Session: Developmental Biology/Cardiac & Pulmonary Development
185 - Role of Amphiregulin in Human Lung Development
Friday, April 25, 2025
5:30pm - 7:45pm HST
Publication Number: 185.6330
Daisy L. Reinoso, The Mount Sinai Kravis Children's Hospital, new York, NY, United States; Phoebe May, Icahn School of Medicine at Mount Sinai, New York, NY, United States; Susan Kim, The Mount Sinai Kravis Children's Hospital, New York, NY, United States; Min-Chi Yang, Icahn School of Medicine at Mount Sinai, New York, NY, United States; Jaden J. A.. Hastings, Icahn School of Medicine at Mount Sinai, New York, NY, United States; Ya-Wen Chen, Icahn School of Medicine at Mount Sinai, New York, NY, United States; Caterina Tiozzo, Icahn Schol of Medicine at Mount Sinai, New York, NY, United States
Pediatric Resident Mount Sinai New York, New York, United States
Background: Amphiregulin (AREG), an epidermal growth factor receptor (EGFR) ligand, is implicated in lung pathologies, including bronchopulmonary dysplasia (BPD). While various cell types, such as endothelial, epithelial, and mesenchymal cells in adult human lungs, are reported to synthesize AREG, its role in human lung development remains largely unknown. Objective: To elucidate AREG's expression level in human lung development using lung organoids and fetal lung samples. Design/Methods: To investigate AREG's role in lung development, we used human pluripotent stem cell (hPSC)-derived lung organoids (hPSC-LOs) that mimic human lung development and then validated our findings using human fetal lung samples. hPSC-LOs were generated and samples were harvested from day 4 to day 80 of differentiation, representing gastrulation up to the second trimester, and subjected for single-cell RNA sequencing using 10X platform. Fetal human lung samples (14 to 23 weeks of gestational age (GA) were obtained from the Developmental Origins of Health and Disease Biorepository at Icahn School of Medicine at Mount Sinai. Frozen lung samples were weighed, grounded under chilled conditions, and lysed in an ice-cold RIPA buffer. The homogenate was agitated at 4°C for 2 hours and centrifuged at 13,000g for 20 minutes to separate cellular debris. Supernatants were harvested and total protein levels measured using Bicinchoninic Acid protein assay. Equal protein amounts were used to measure AREG levels with enzyme-linked immunosorbent assay. Samples were grouped by two/three-week GA increments. A nomogram of AREG expression levels across lung developmental stages was created. Results: AREG mRNA levels in hPSC-LOs significantly rose starting at day 40 aligning with the onset of vasculogenesis in the human lung during early second trimester (Fig.1 panel A). We further validated our results using human fetal samples. As expected, AREG levels were significantly upregulated in human fetal lungs after 15-week GA. (Fig.1 panel B).

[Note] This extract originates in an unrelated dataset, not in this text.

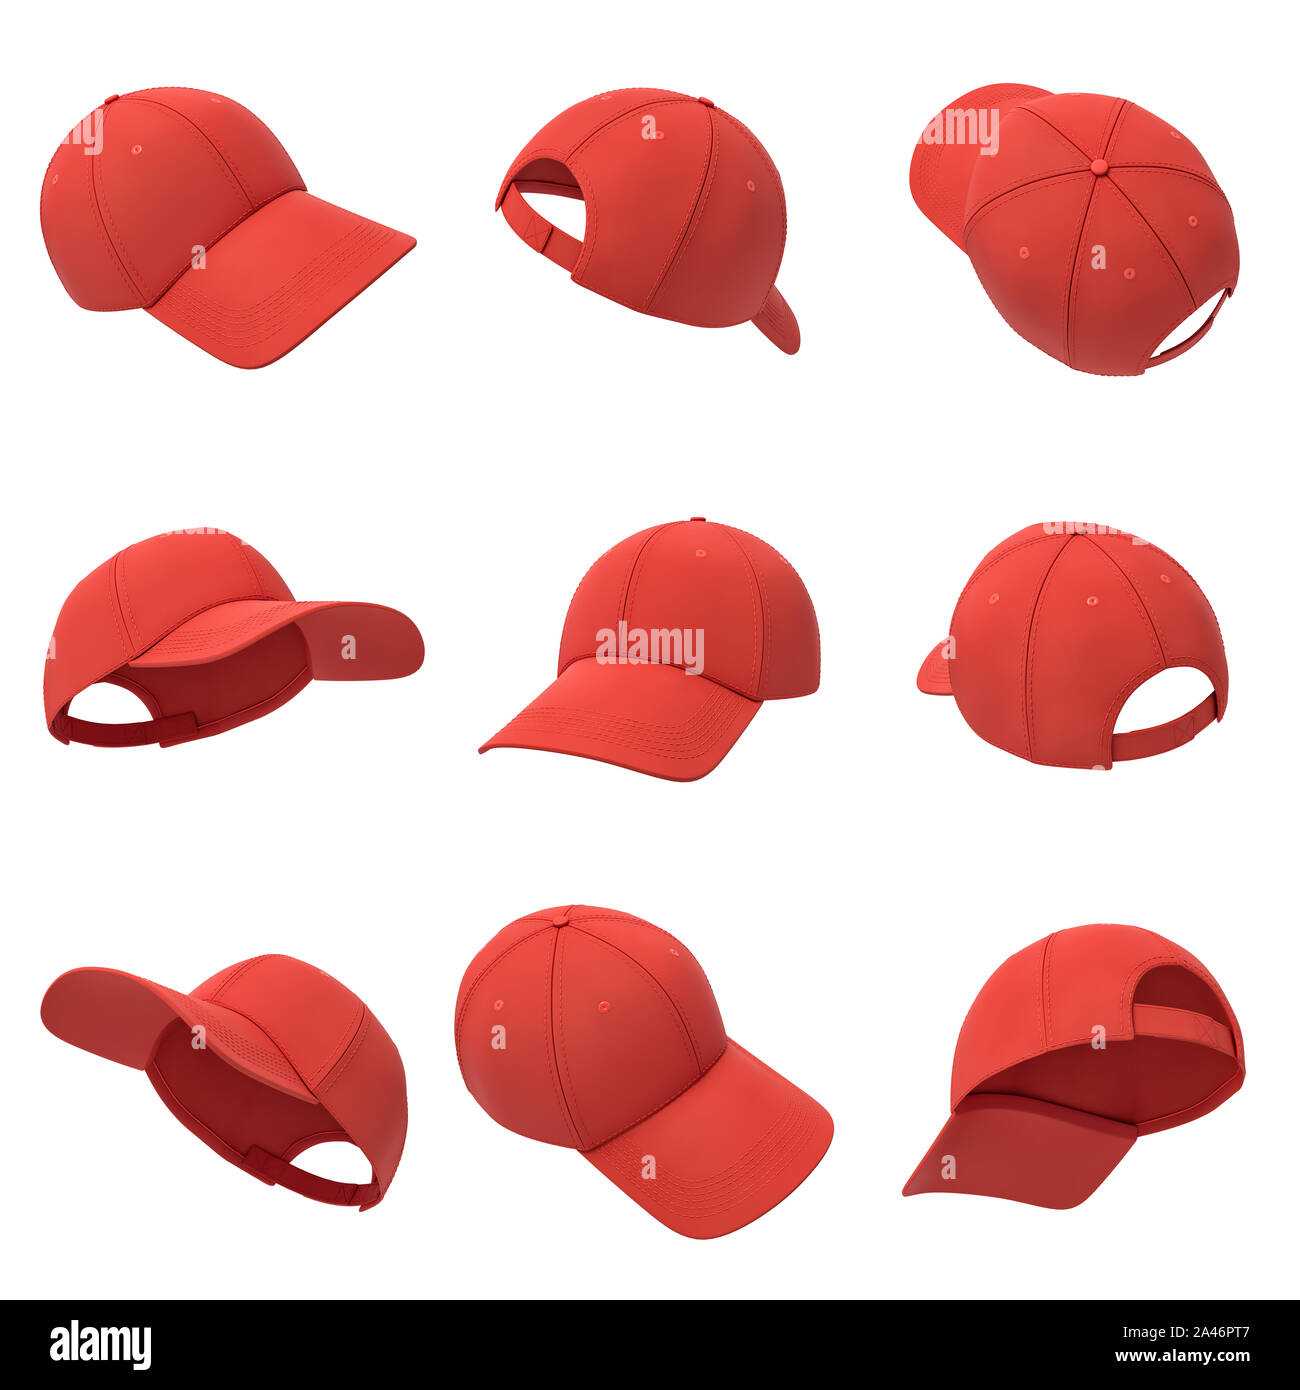 Le rendu 3D d'un grand nombre de casquettes de baseball rouge accroché sur  un fond blanc dans des angles différents. Casquette de baseball. Coiffures  occasionnelles. Sport style Photo Stock - Alamy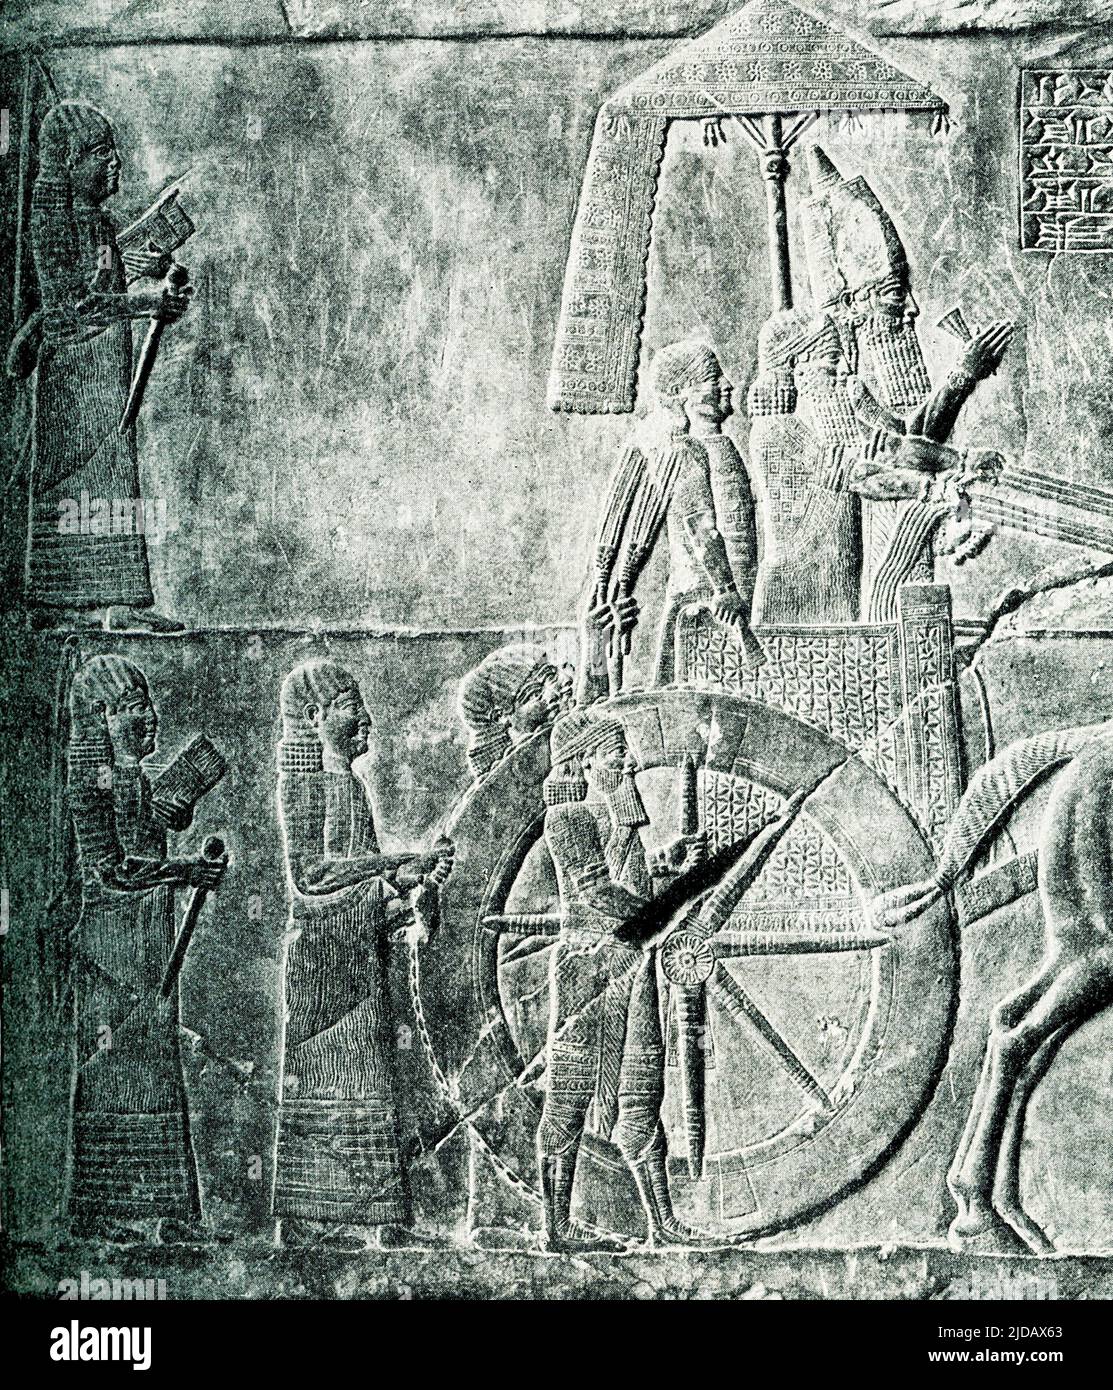 Dieses Bild aus dem Jahr 1910 zeigt den Herrscher Aschurbanipal von Assyrien auf seinem Wagen. Das Original befindet sich im Louvre Museum in Paris. Dieses Bild aus dem Jahr 1910 zeigt Assurbanipal (auch Aschurbanipal geschrieben) auf seinem Wagen. Ashurbanipal war von 669 v. Chr. bis zu seinem Tod im Jahr 631 König des neo-assyrischen Reiches. Er ist in der Regel in Erinnerung als der letzte große König von Assyrien. Die 38-jährige Regierungszeit von Ashurbanipal, die den Thron als bevorzugter Erbe seines Vaters Esarhaddon erbte, gehörte zu den längsten aller assyrischen Könige. Stockfoto

Conclusion(s): The increasing levels of AREG in hPSC-LOs and fetal lung tissue after the second trimester suggest its potential role in lung vascular development. We are currently expanding the sample size in each group to five fetal human samples to further validate our findings and assess AREG levels in fetal human samples from the first trimester (GA 6 to 13 weeks). Additionally, we will use immunofluorescence to colocalize AREG and EGFR antibodies with markers for vascular as well as proximal and distal epithelial/mesenchymal lung cells. This will identify both the cells that produce AREG and those targeted by its action.
Panel A. AREG Expression in Lung Organoids Panel B. AREG level during fetal human lung development AREG tables.pdfPanel A: AREG expression at different time points during lung differentiation of hPSCs lung organoids. D= days Panel B: AREG expression in Human fetal lung samples at different gestational age. n=3 per group. *p < 0.05.